WHAT IS REQUIRED => Where the material below has a line containing "Image of High", start repeating exactly, and keep going through the line containing "Comfy flannel", with no other lines.

EXCERPTED RECORDS =>
::::::::
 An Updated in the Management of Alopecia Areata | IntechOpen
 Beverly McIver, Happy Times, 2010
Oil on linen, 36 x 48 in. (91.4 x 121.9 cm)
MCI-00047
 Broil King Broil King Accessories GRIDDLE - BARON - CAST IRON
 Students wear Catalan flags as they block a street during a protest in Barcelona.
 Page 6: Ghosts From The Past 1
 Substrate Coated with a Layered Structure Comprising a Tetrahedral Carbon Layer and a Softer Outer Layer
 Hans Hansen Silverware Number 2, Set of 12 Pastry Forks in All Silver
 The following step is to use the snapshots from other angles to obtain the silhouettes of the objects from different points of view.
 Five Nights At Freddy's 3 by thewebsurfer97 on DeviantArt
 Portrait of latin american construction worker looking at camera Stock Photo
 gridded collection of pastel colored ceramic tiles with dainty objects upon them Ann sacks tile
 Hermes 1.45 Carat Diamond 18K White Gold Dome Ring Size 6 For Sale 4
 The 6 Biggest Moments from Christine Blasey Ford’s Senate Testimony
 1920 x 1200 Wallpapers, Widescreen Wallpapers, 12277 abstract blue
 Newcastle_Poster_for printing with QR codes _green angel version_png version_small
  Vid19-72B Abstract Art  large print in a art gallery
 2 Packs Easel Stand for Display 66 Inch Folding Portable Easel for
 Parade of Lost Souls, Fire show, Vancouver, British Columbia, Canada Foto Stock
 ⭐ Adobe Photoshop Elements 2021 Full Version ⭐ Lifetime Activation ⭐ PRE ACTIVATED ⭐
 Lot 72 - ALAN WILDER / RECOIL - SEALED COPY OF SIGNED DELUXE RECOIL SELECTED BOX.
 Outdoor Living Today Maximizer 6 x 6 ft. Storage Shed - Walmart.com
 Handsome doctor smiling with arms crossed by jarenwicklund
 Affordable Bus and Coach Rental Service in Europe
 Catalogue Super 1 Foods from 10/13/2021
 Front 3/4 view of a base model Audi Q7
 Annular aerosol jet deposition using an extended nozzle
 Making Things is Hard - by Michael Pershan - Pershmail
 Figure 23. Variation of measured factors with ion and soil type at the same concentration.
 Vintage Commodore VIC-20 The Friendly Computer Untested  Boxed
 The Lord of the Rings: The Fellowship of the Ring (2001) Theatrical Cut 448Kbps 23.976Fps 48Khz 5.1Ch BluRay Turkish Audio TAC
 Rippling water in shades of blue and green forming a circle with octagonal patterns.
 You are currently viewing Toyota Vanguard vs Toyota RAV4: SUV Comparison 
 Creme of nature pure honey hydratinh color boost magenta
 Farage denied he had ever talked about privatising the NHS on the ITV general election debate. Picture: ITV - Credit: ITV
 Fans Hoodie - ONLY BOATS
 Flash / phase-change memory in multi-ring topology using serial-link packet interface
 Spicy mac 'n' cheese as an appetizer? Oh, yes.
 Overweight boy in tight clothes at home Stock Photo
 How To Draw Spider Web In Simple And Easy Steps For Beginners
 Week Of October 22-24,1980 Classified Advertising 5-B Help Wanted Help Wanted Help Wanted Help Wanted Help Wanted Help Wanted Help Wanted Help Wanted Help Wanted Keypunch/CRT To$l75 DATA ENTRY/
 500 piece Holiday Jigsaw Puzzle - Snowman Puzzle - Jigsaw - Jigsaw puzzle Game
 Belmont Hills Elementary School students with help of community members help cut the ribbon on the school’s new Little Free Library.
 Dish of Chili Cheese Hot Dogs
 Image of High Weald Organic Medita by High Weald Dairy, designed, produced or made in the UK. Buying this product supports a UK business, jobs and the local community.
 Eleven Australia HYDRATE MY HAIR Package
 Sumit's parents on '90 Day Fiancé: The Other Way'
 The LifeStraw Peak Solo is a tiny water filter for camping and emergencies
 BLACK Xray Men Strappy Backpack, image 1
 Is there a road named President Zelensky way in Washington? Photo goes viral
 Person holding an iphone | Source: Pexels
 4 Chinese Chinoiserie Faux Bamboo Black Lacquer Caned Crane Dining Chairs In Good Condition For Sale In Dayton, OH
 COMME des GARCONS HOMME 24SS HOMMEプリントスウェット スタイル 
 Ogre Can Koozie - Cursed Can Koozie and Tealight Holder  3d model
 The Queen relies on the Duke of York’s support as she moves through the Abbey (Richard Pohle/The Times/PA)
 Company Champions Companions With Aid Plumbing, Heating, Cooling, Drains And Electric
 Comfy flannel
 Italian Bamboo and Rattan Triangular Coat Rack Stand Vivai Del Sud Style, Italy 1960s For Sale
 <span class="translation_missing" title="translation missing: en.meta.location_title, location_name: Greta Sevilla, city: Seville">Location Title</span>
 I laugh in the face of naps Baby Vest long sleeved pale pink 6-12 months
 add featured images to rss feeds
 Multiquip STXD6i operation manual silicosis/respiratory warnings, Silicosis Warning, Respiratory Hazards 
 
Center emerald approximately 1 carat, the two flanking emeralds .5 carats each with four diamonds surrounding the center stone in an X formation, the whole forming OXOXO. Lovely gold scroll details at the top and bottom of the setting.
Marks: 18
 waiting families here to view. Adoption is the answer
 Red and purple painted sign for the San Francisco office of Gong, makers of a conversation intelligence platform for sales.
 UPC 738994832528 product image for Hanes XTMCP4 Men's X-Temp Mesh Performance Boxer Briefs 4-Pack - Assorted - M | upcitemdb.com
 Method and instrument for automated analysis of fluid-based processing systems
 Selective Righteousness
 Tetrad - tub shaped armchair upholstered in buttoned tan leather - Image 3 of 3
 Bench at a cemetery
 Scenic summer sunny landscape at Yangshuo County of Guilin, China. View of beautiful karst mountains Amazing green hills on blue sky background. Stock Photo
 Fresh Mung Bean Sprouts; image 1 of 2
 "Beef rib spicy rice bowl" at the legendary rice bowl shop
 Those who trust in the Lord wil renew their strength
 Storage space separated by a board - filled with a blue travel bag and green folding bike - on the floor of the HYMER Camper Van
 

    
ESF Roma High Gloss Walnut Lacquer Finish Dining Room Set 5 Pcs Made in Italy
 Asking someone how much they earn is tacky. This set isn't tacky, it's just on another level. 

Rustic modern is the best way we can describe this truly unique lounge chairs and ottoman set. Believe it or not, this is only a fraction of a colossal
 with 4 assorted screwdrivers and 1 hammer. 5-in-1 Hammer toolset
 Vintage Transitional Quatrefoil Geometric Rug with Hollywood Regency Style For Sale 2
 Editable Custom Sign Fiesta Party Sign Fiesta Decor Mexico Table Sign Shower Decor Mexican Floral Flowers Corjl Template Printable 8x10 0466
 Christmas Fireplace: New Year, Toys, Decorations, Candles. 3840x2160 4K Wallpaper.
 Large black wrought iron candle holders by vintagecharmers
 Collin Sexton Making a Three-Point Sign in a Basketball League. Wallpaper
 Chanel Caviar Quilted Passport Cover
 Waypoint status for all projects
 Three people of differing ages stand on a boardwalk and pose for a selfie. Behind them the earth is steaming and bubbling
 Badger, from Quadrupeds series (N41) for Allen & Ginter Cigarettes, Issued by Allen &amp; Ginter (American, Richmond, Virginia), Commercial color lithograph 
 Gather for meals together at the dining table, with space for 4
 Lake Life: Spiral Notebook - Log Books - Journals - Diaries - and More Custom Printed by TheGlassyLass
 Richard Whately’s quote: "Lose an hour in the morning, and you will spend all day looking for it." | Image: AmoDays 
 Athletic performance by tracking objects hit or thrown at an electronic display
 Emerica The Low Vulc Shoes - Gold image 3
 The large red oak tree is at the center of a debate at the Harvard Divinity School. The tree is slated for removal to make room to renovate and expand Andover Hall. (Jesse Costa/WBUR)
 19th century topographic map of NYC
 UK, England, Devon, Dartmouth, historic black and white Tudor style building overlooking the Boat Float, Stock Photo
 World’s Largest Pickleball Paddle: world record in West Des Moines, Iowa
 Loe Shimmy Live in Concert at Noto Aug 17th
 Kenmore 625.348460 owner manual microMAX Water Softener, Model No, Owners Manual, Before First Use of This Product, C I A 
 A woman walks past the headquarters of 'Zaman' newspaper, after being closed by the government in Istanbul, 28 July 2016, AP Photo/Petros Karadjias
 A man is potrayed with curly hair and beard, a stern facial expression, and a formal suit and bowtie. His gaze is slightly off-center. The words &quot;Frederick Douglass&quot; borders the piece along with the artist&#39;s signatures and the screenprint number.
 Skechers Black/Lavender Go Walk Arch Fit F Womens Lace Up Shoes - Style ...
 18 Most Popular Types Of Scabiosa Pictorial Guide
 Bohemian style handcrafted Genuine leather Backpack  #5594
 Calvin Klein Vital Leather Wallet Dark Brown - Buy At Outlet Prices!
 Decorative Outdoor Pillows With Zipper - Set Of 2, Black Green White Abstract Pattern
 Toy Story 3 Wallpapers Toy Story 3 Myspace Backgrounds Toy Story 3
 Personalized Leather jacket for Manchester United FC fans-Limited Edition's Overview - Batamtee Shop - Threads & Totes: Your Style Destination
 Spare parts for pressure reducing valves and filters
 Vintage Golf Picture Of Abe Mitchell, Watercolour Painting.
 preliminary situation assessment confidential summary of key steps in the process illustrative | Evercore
::::::::
EXERCISE SOLUTION =>
 Image of High Weald Organic Medita by High Weald Dairy, designed, produced or made in the UK. Buying this product supports a UK business, jobs and the local community.
 Eleven Australia HYDRATE MY HAIR Package
 Sumit's parents on '90 Day Fiancé: The Other Way'
 The LifeStraw Peak Solo is a tiny water filter for camping and emergencies
 BLACK Xray Men Strappy Backpack, image 1
 Is there a road named President Zelensky way in Washington? Photo goes viral
 Person holding an iphone | Source: Pexels
 4 Chinese Chinoiserie Faux Bamboo Black Lacquer Caned Crane Dining Chairs In Good Condition For Sale In Dayton, OH
 COMME des GARCONS HOMME 24SS HOMMEプリントスウェット スタイル 
 Ogre Can Koozie - Cursed Can Koozie and Tealight Holder  3d model
 The Queen relies on the Duke of York’s support as she moves through the Abbey (Richard Pohle/The Times/PA)
 Company Champions Companions With Aid Plumbing, Heating, Cooling, Drains And Electric
 Comfy flannel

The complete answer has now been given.